We also studied a scenario where the level converter is a part of a larger dynamic circuit [Fig. 6(b)]. The input of the circuit under test acts as the victim line (a dynamic node with a weak keeper) and a capacitively coupled aggressor (operating at VDDH) is considered as the coupling noise source. For a fixed ground capacitance of the victim line (10 fF), the coupling capacitance was increased until the circuit failed. Table IV(b) summarizes our results for this study. The capacitance reported in the table is the coupling capacitance at which the circuit failed. A higher capacitance thus implies superior robustness. Under this scenario too, we found the level converters to be at least as robust as the inverter (i.e., required a larger amount of coupling capacitance and hence coupled noise).

The scenario described by Fig. 6(a) was also examined in the presence of +10% dc supply noise on both VDDH and VDDL to test the circuits under even more aggravated noise conditions. Table IVc reports results for this study. Again, we observe that the level converters are comparable in robustness to the inverter.
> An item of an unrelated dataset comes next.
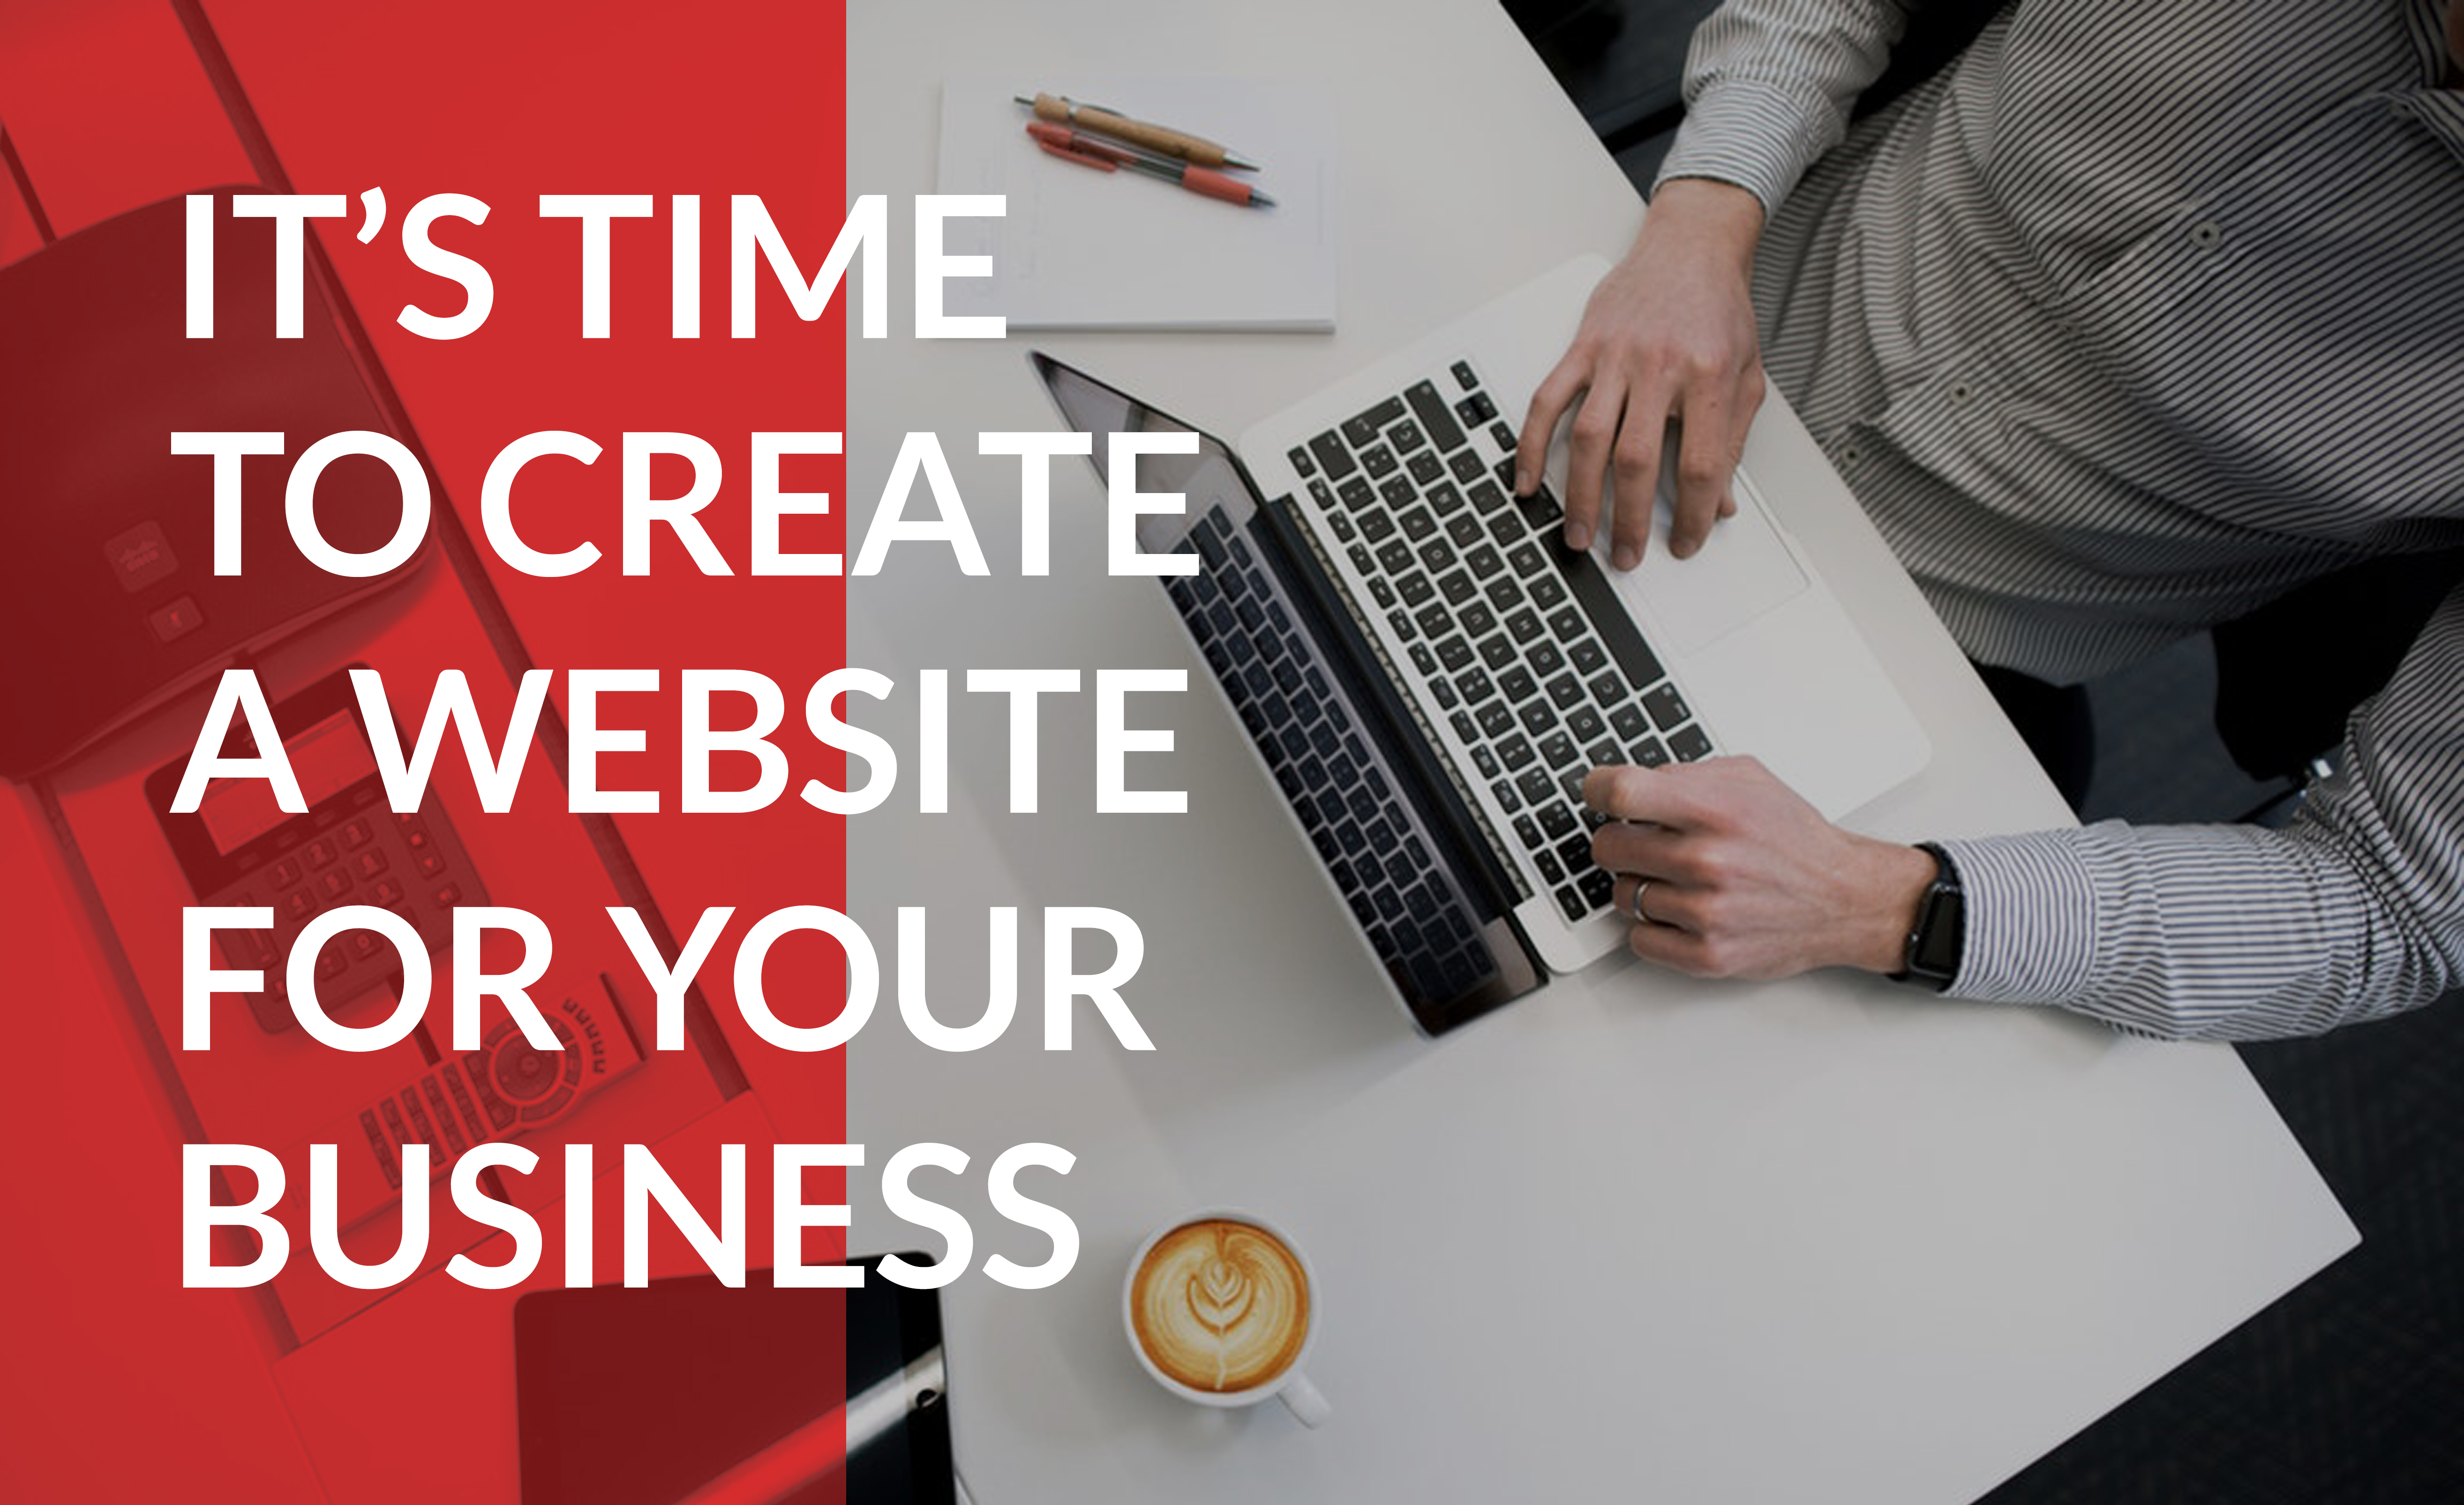 Use tools like WordPress and Domain.com to get your business online today.

#### D. Level Converter Area

Table V compares the areas (calculated using total transistor width) of the level converter circuits for the VDDL = 0.8V, VTHLP/VTHLN = -0.21 V/0.23 V case. All new level converters, except STR5 and STR6, have less total device width than DCVS. As compared to PG, STR1, and STR2 have comparable area, while STR3, STR4, STR5, and STR6 have higher area. The sharp rise in the area of STR5 and STR6 is due to the added buffer capacitance, Cbuf, of approximately 0.5  $\mu m^2$  (estimated for the 8 fF Cbuf based on the use of a gate-oxide capacitor). It is important to note that PG, STR1, STR5, and STR6 have the added advantage that they have no pMOS devices with sources tied to VDDL, thus allowing for a single n-well in the cell. This is in contrast to DCVS, STR2, 3, and 4, which require this added N-well spacing due to the inverters at their inputs. This will ameliorate the area penalty of STR5 and STR6 in particular, such that the relative reported areas are very conservative for STR1, STR5, and STR6 (and also PG).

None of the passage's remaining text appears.